Showtime: Real-World Applications

Let’s dive into some real-world scenarios where Watsonx Multimodal Models shine.

1. Text-Based Queries

Example: Who Wrote “Charlotte’s Web”?

# Define the chat messages
messages = [{"role": "user", "content": "Who wrote the book Charlotte's Web?"}]

# Generate a chat completion using model_size=90 (series "3-2")
response_32 = llama(messages, model_size=90)
print("Response (3-2, 90b):", response_32)

# Generate a chat completion using model_size=70 (series "3-1")
response_31 = llama(messages, model_size=70)
print("Response (3-1, 70b):", response_31)

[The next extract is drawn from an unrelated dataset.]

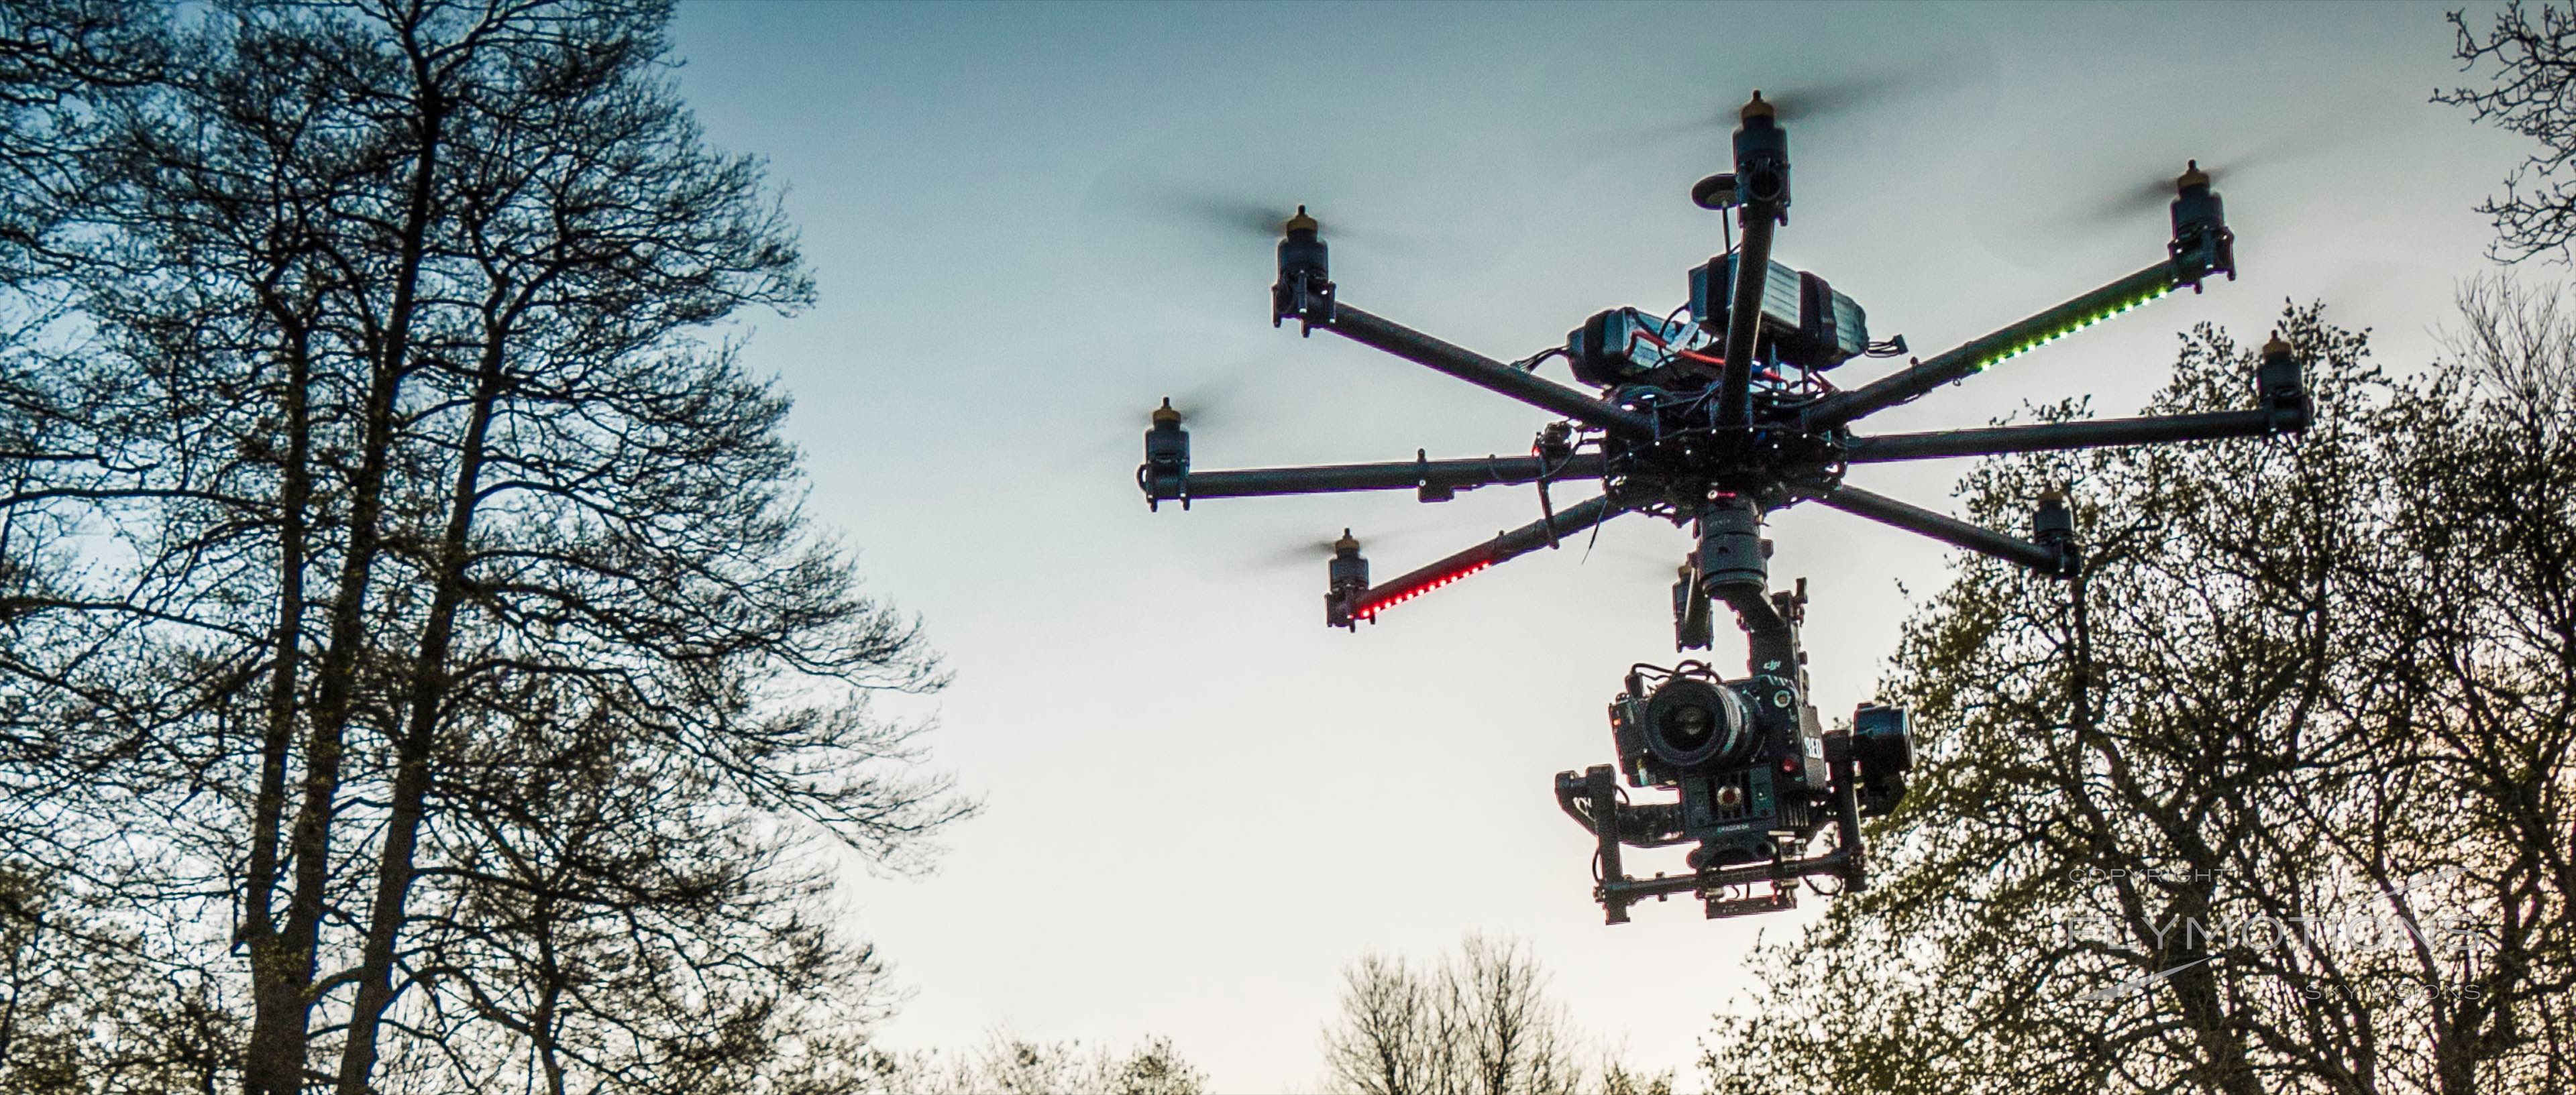 drone-cinestar8-octocopter-reddragon aerials

# Generate a chat completion using the default model_size=11 (series "3-2")
response_32_d = llama(messages)
print("Response (3-2, default 11b):", response_32_d)

Output:

Response (3-2, 90b): The book "Charlotte's Web" was written by E.B. White.
Response (3-1, 70b): The book "Charlotte's Web" was written by E.B. White.
Response (3-2, default 11b): The book "Charlotte's Web" was written by E.B. White. It was first published in 1952 and has since become a beloved children's classic. E.B. White was an American author, best known for his children's books, including "Charlotte's Web", "Stuart Little", and "The Trumpet of the Swan".

2. Image-Based Queries

Example: Describe an Image

# Local Image
local_image_path = "images/Llama_Repo.jpeg"
disp_image(local_image_path)

# Encode the image
base64_image = encode_image(local_image_path)

# Create the message with image
result = llamapi("describe the image in one sentence", base64_image, model_size=11)
print("Image Description (11b):", result)

Output:

Image Description (11b): The image depicts three alpacas in a barn, with one wearing a party hat and another with a purple body, sitting at a table with a glass of orange liquid and some greenery.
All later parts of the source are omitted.